Она была очень довольна. Снова пожав мне руку, на прощаний она прибавила:

— Если я всегда буду вашей королевой, я прикажу генералу, чтобы он выдал вам знаки отличия.

Я поклонился ей и удалился, тоже очень счастливый…»

— Ты остался на всю жизнь тем же маленьким мальчиком, Филипп… Только королева часто менялась.

Филипп, сидя под кустом, срывал тоненькие веточки, ломал их между пальцами и отбрасывал в траву.

— Да, — сказал он, — королева часто менялась. А вернее, я никогда еще не встречал королевы… То есть, настоящей королевы… Ты понимаешь?

— Кто была королева, Филипп?

— Несколько женщин, милая. Дениза Обри, немножко… но королева, очень далекая от совершенства… Я тебе говорил, что она умерла, бедная Дениза Обри?

— Нет, Филипп… Ведь она была еще совсем молода?.. Отчего она умерла?

— Не знаю. Это мать сказала мне на днях. Так странно было, что я могу услышать известие о смерти женщины, которая в течение нескольких лет казалась мне центром вселенной, как новость, не имеющую никакого значения.

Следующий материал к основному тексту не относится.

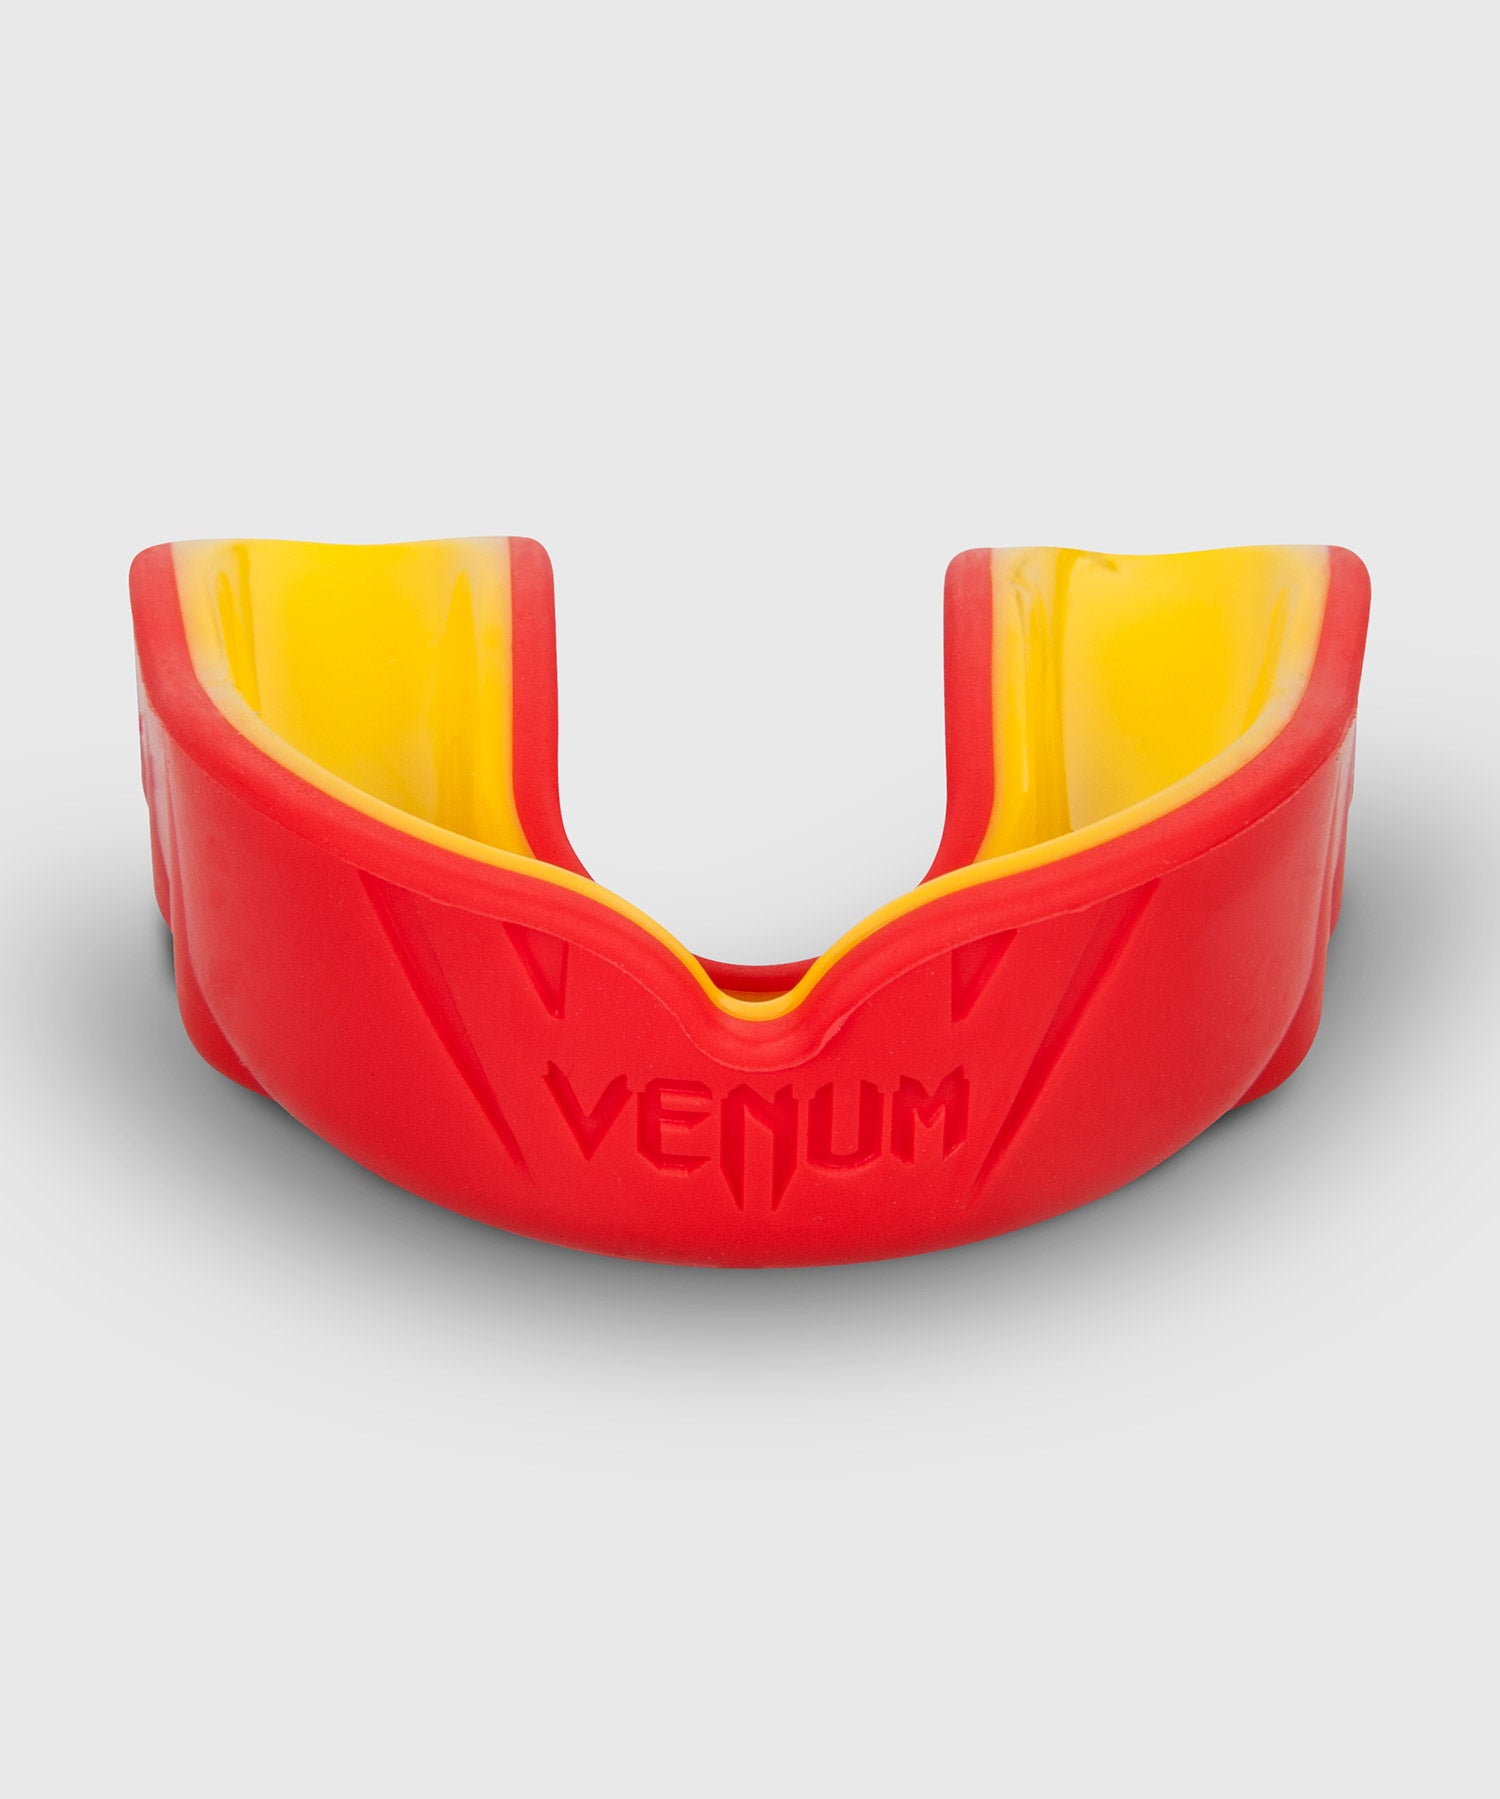 Protège-dents Venum Challenger - Rouge/Jaune – Venum France

— А после Денизы Обри кто был королевой?

— Одиль.

— Она ближе всех подходила к тому идеалу королевы, о которой ты мечтал?

— Да, потому что она была прелестна.

— А после Одиль?.. Немножко Елена Тианж?

— Может быть, немножко, но главным образом ты, Изабелла.

— Я тоже? Это правда? И долго?

— Очень долго.

— А потом Соланж?

— Ну да, потом Соланж…

— И Соланж до сих пор еще королева?

— Нет, но, несмотря на все, я не сохранил дурных воспоминаний о Соланж. В ней было что-то удивительно сильное и живое. Я чувствовал себя молодым рядом с ней. Это было приятно.

— Надо снова встретиться с ней, Филипп.

— Да, я встречусь с ней, когда излечусь окончательно; но она уже не будет королевой. Это кончено.

— А теперь, Филипп, кто твоя королева?

Он поколебался с минуту, потом взглянул на меня.

— Теперь ты.

— Я? Но я ведь давно развенчана.

— Может быть, ты и была развенчана, это правда: ты была ревнива, сварлива, несправедлива ко мне. Но вот уже три месяца, как ты стала такая простая и мужественная, и я вернул тебе твою корону. Впрочем, ты и представить себе не можешь, как ты изменилась, Изабелла. Ты теперь совсем не та женщина, что раньше.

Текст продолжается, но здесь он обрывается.